Tag Archives: school

When a child is overtaken by a younger sibling

As soon as I came in from work today, my daughter grabbed my hand and led me to the kitchen where the Husband was cooking tea.

‘Mummy and Daddy, I have something very important to tell you! I did reading in school today and my teacher moved me up TWO reading stages! She said I was a reading superstar!’

This is such lovely news for my daughter, who has developed a real love of reading over the  last few months, and who has been trying very hard with her books, and at school generally. I’m so proud of her, and so happy to see her so proud of herself – she really deserves it.

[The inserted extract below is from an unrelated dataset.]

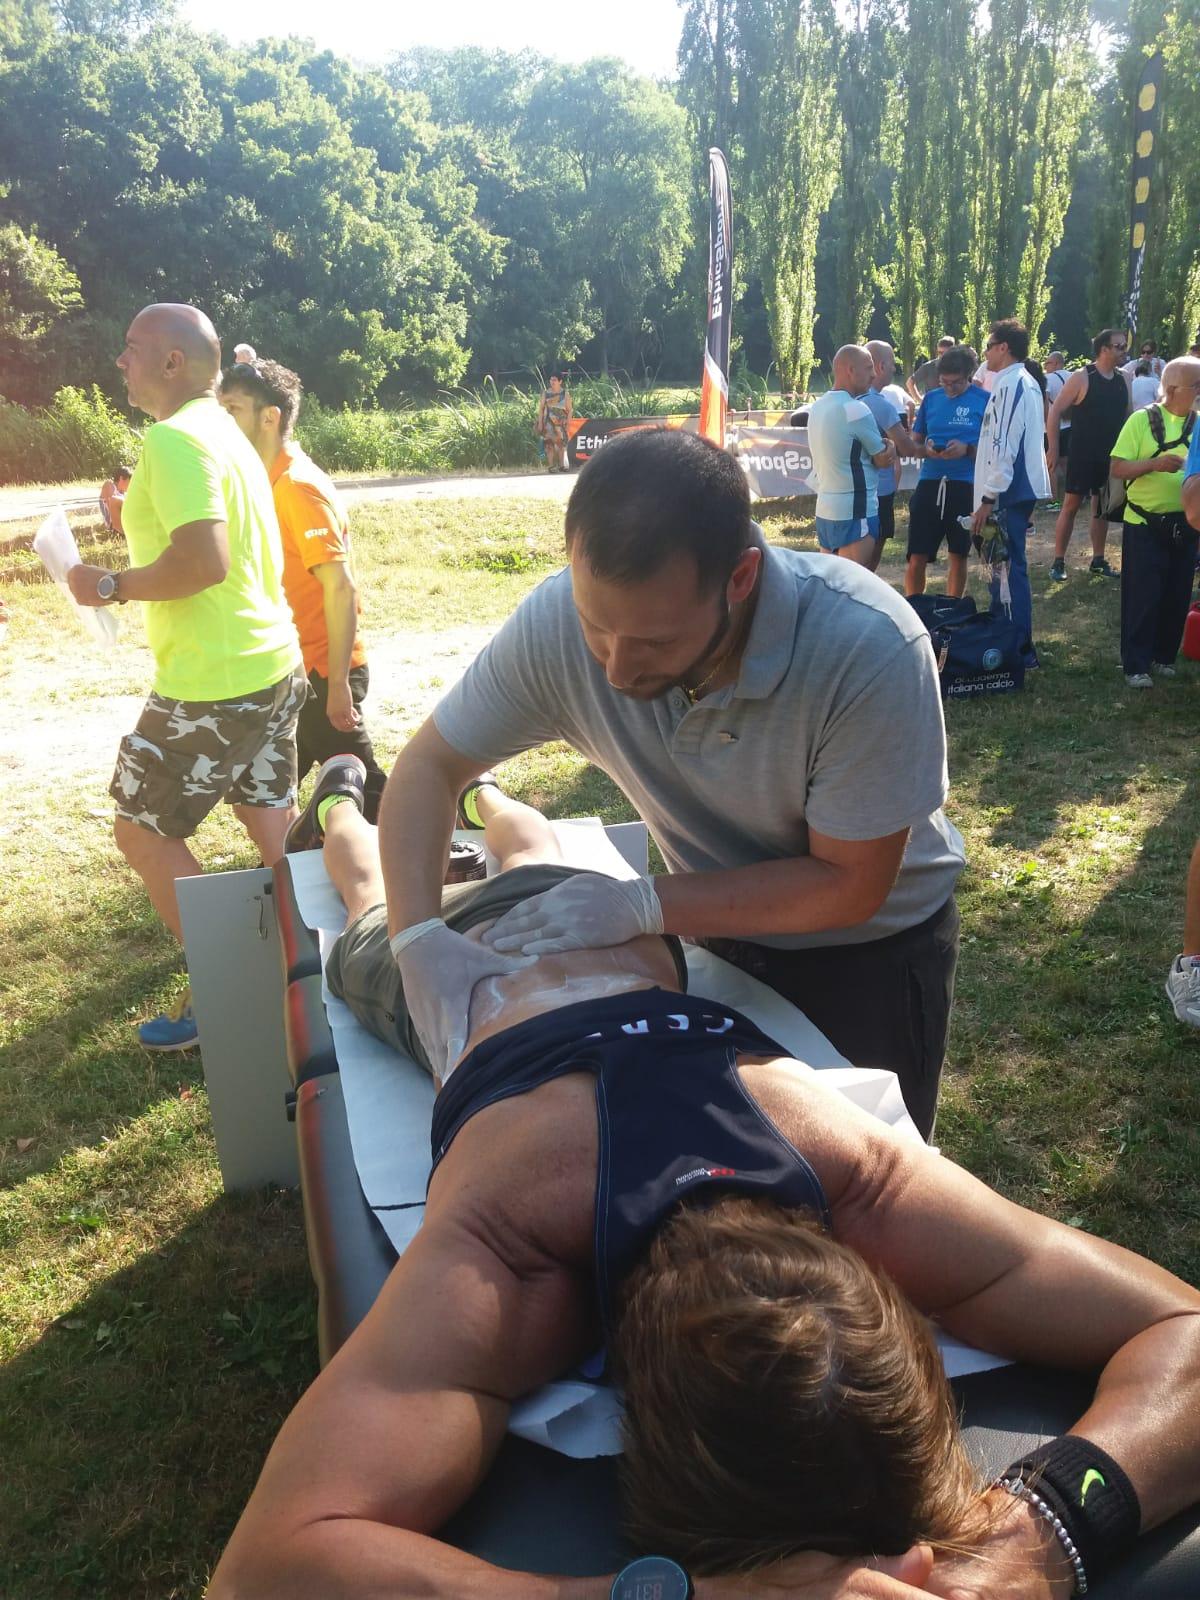 mal di schiena del runner

I just wish my delight for her wasn’t tempered with the worry for what this will mean for my biggest boy’s confidence – because she’s basically leapfrogged him. He’s been stuck on the same reading stage since June, despite doing a huge amount of reading over the Summer holidays, and now he’s a stage behind his younger sister – who is two years below him at school. Seeing his face crumple as she bounced around the kitchen was just heartbreaking. All the more so because although she has worked hard, he has without doubt put a lot more time into practising his reading.

We’ve obviously had a family chat this evening about how some people are good at some things, and some at others, and that’s the way things should be because we can’t have a world filled with engineers but nobody to be a pilot, or super duper rugby players but nobody to be a teacher, etc etc. But despite a wobbly brave face from him after the initial shock, it’s just another confidence knock on top of the many he’s already taken since starting this school year.

As well as being gutted for him, I’m feeling particularly let down because I raised this specific scenario with school a couple of months ago, knowing that it was a probability in the near future and knowing what it would do to his confidence. I asked for extra Welsh reading books that my son and I could read together and was told that we could not have them because ‘if you get extra books, everyone else might want one too’. Really? REALLY? Instead it was suggested that I could get Welsh books from the library for him, which would be great if a) the library had a decent selection of Welsh books, which it doesn’t, and b) Welsh wasn’t my second language by a long chalk, making it fairly difficult for me to pick up a reading book and gauge whether it’s at the right level, or likely to be of interest for an eight year old reluctant reader. Which is why I’d wanted reading books from school rather than sourcing them myself in the first place.

So. A mixture of emotions. Chuffed for my girl, gutted for my biggest boy, and frankly pissed off that even though I could see this coming and asked for help, there was no support to even try and stave it off.

Parenting is hard, sometimes.

 

On giving a dog a bad name

So I found one of the kids in tears yesterday. When I asked them what was wrong, they said it was because they hadn’t been invited to someone’s party. Now I tend to be quite unsympathetic on this sort of thing with my kids – they can’t expect to be invited to them all, just as they can’t invite everybody in the class to theirs – and I was reminding said child of this when they came out with something that stopped me in my tracks.

‘They wanted to invite me, (sob, sob) but their Mummy said they couldn’t, because she said I stole something from her Mummy’s bag once when I was in reception, (sob, sob) and I don’t steal things and (wailing now) I don’t remember stealing anything and I don’t want to be in trouble’.

UUUUh. Right. Once we’d calmed things down, I did some more digging, thinking that there must be a bigger back story to it all, but that’s still the sum total of the information I have about this. That, and the fact that I have a devastated child on my hands. Not because of the party –  that seems to be neither here nor there –  but devastated because they think they are in trouble, though they can’t remember doing whatever it is they are in trouble for.

Ok. Because I have nothing else to go on, lets start from the premise that my child did take something from someone’s mother’s bag, at some point during their reception year. I’m not really clear how this might have taken place, since the child in question doesn’t spend any time with this adult, but I suppose it could have happened on the yard, or in the park, or at a party.

Reception year would put the age of this child at between only just four, and only just five. Clearly children should not take things from people’s bags, but stealing? Really? A four year old doesn’t STEAL. A four year old might well think ‘I see that, I want it, I will have it’, but I don’t think at that age that stealing is really a concept they have, do they? Of course, a four year old should certainly be aware that they can’t just take stuff they want without asking. But knowing the correct behaviour, and then acting on it at all times, is something that comes with age, and with adult guidance. And if I had known about this incident, I would have dealt with it at the time and used the opportunity to reinforce the fact that you can’t just take stuff, and I would also have insisted that the child apologise to the adult in question. BUT I WASN’T GIVEN THE OPPORTUNITY.

So given the fact that this incident wasn’t seen as serious enough to mention to me at the time, and that it happened aeons ago, and that we are talking about four year olds, I’m not sure how I feel about the fact that my child is being told by a classmate that their Mummy doesn’t want them coming to their party, because they ‘stole’ something. If this parent doesn’t want our kids to socialise together, for whatever reason, that is totally and utterly up to her and she has every right to make that call. I just feel that the way it has been done is unkind and thoughtless and unnecessary.

I don’t know whether to tackle this with the parent in question, or whether it will just make things worse. What would you do?